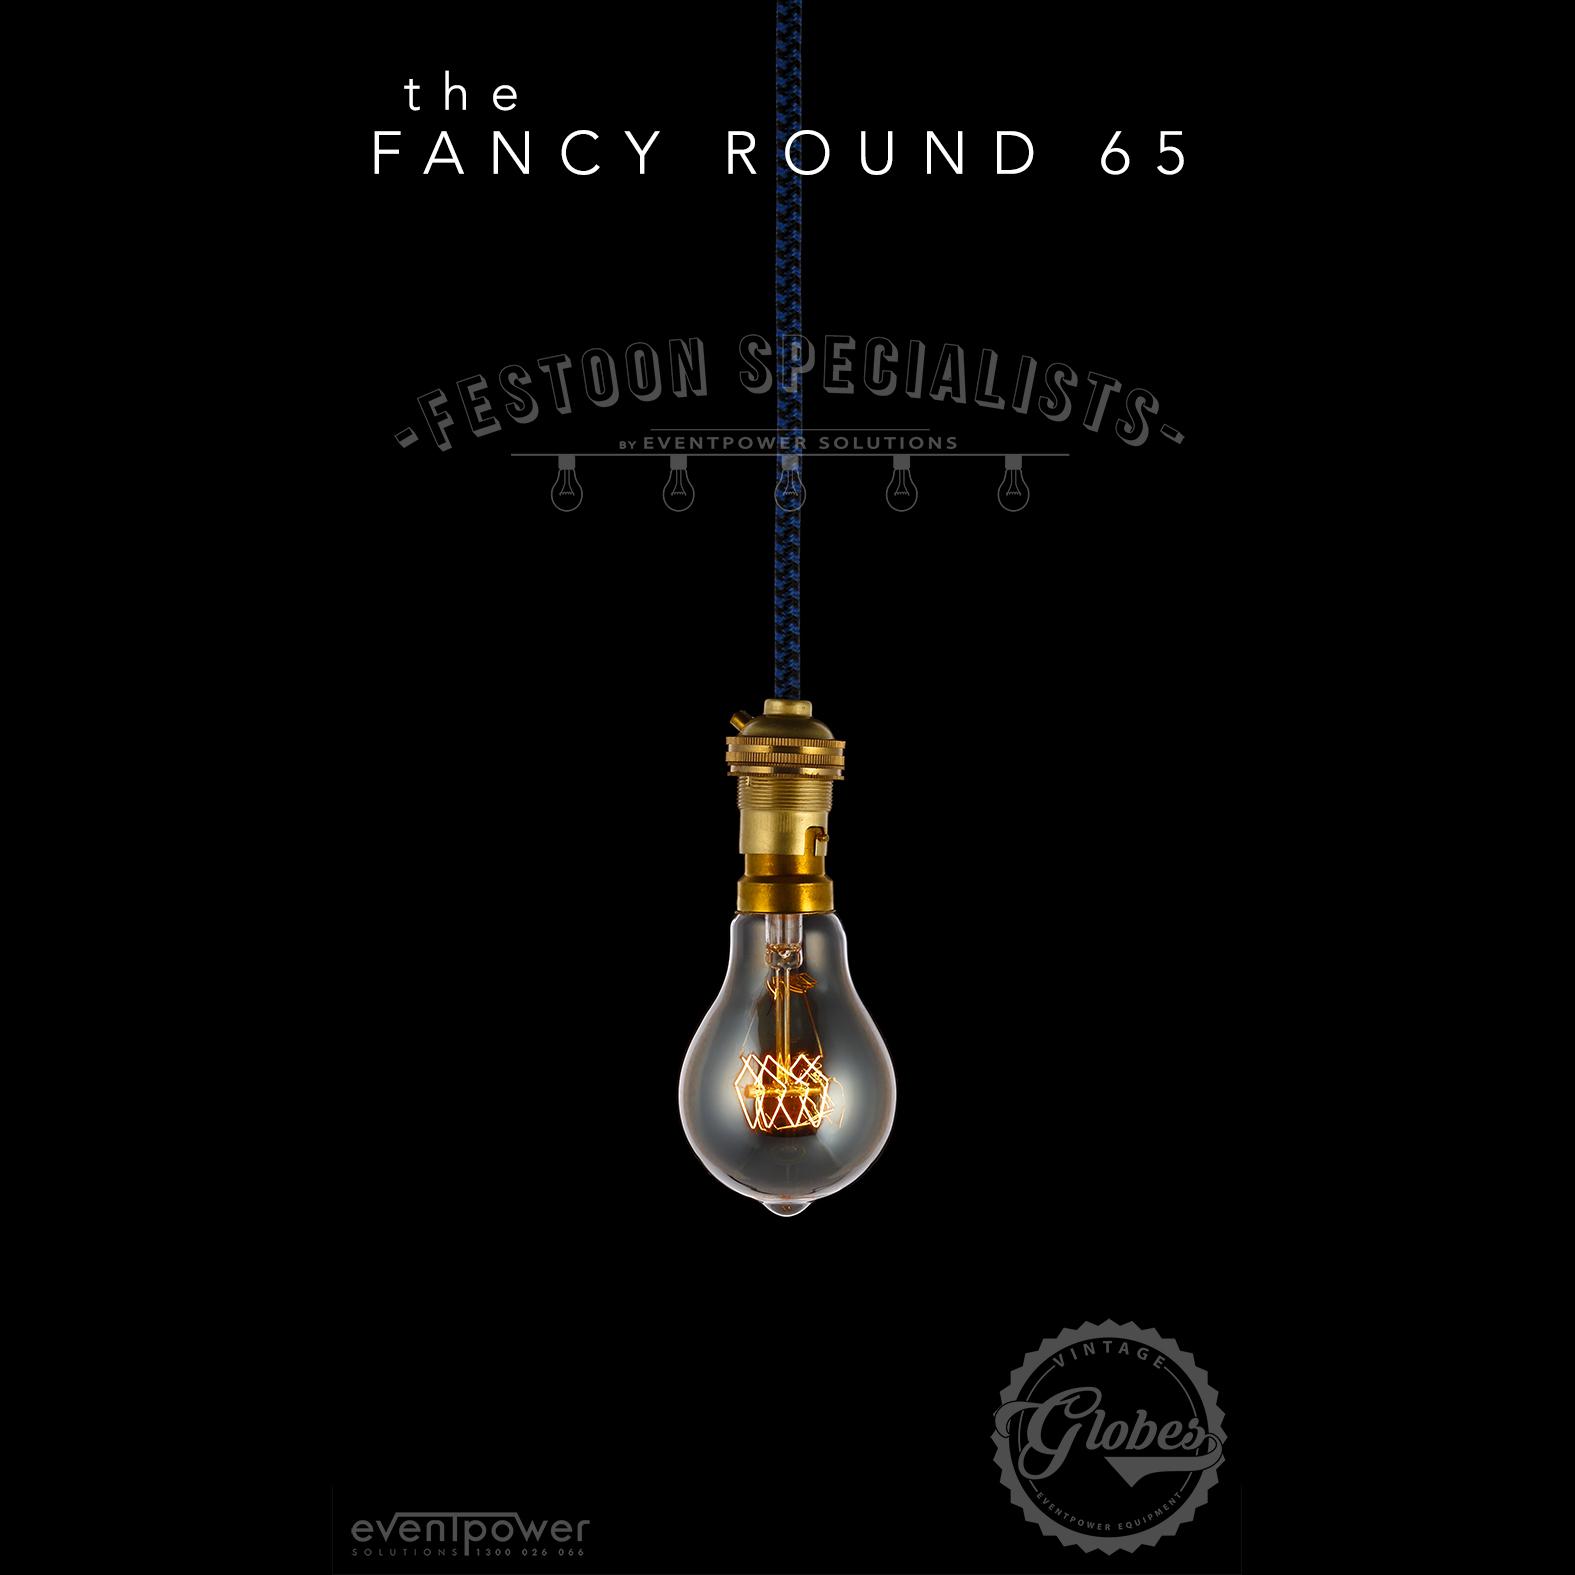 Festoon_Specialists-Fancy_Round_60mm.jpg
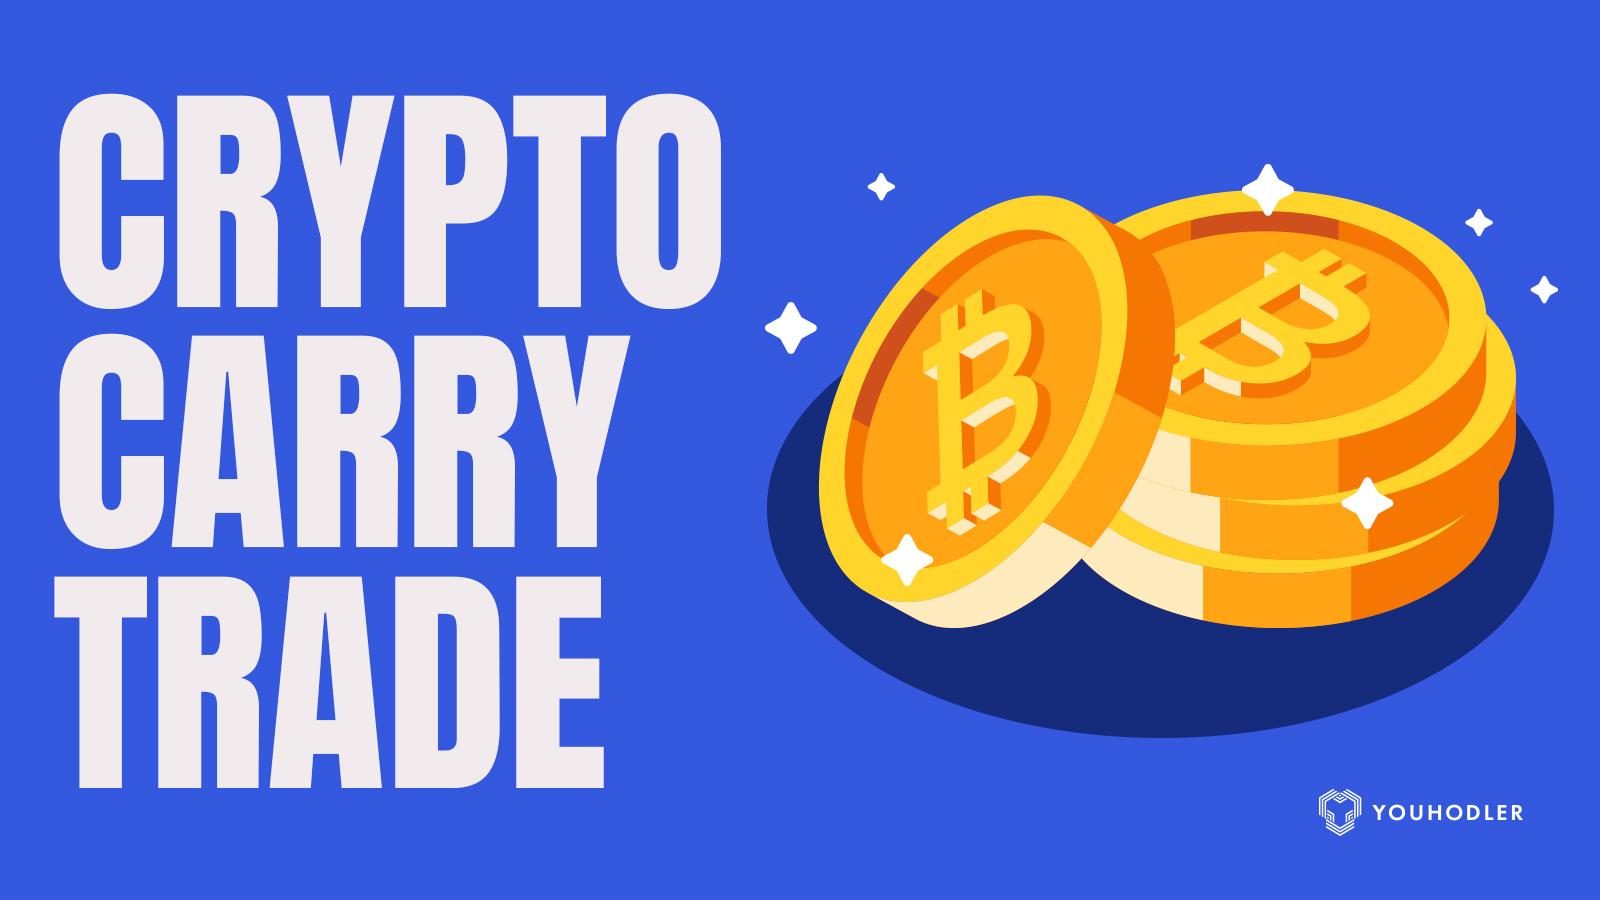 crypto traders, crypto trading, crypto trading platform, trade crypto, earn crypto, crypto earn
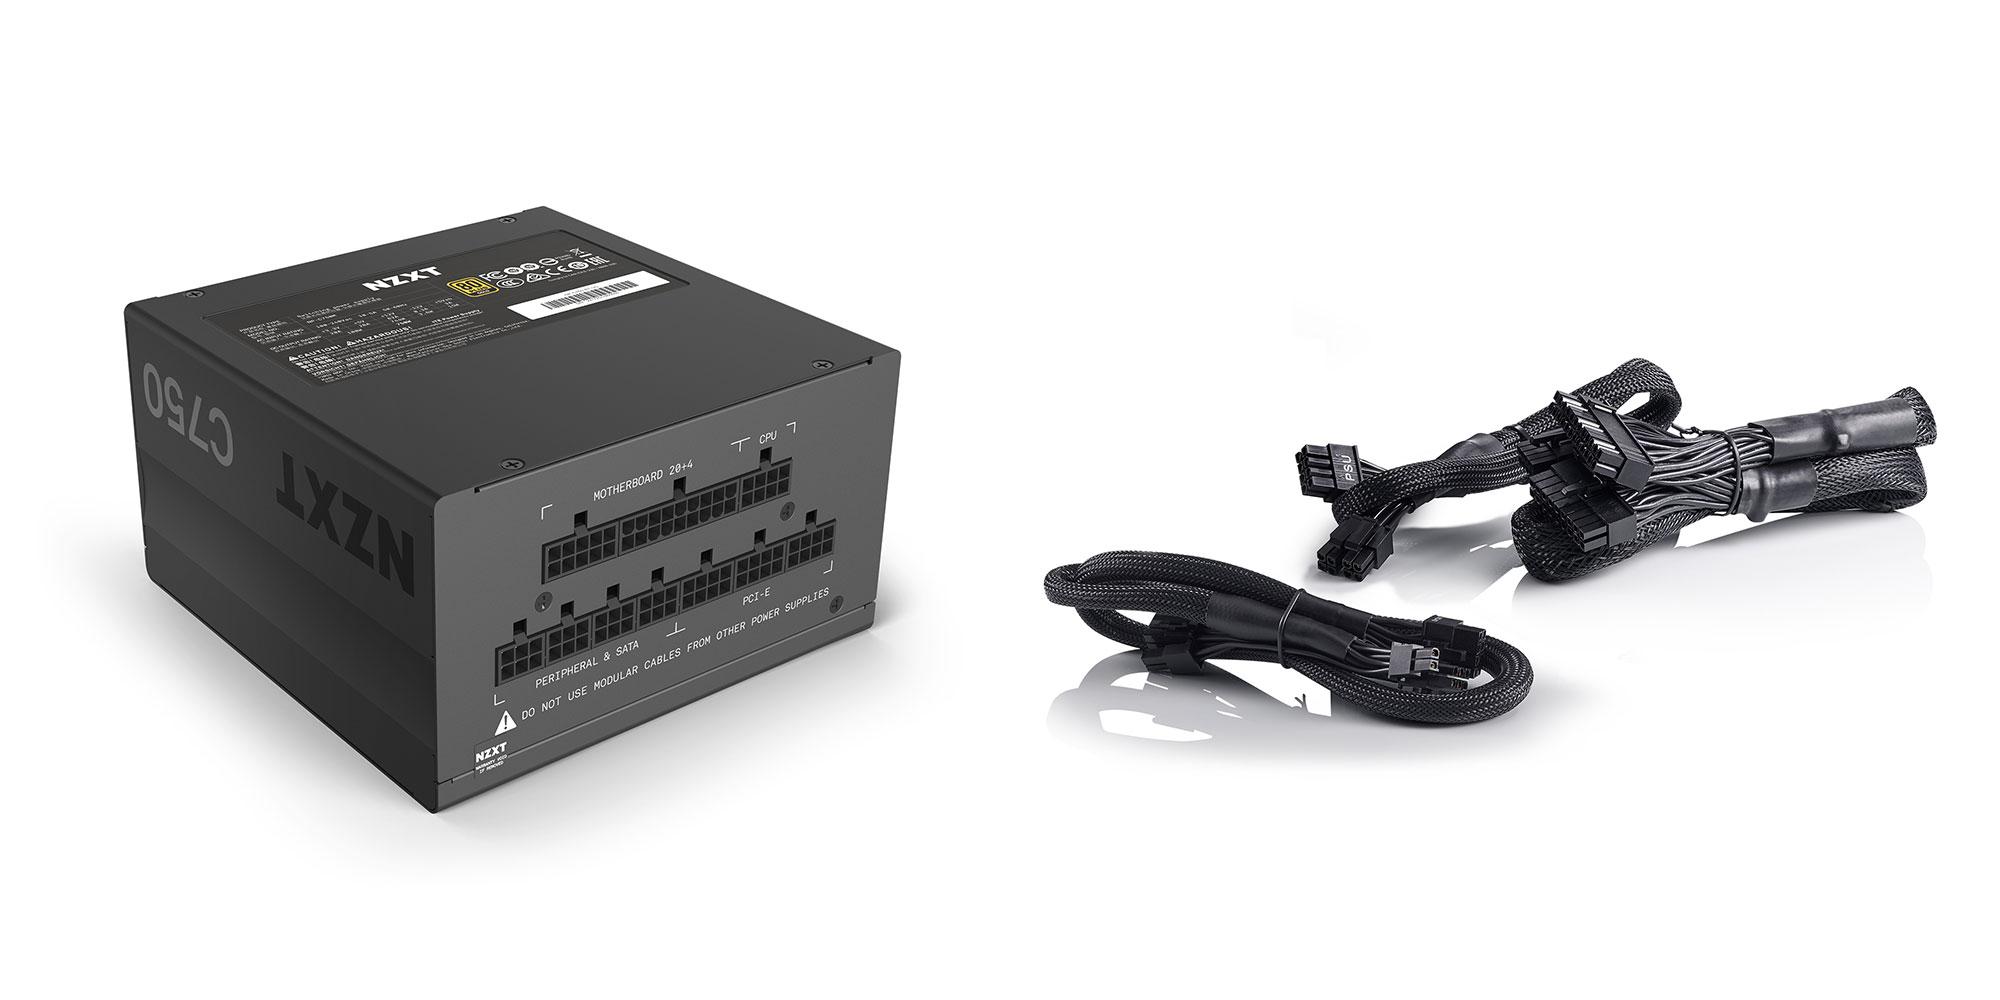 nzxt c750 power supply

• • • •

• What the exercise asks: The listing above needs to be output again exactly. Don't include the pictures.

• Answer area:
 Festoon_Specialists-Fancy_Round_60mm.jpg
 crypto traders, crypto trading, crypto trading platform, trade crypto, earn crypto, crypto earn
 nzxt c750 power supply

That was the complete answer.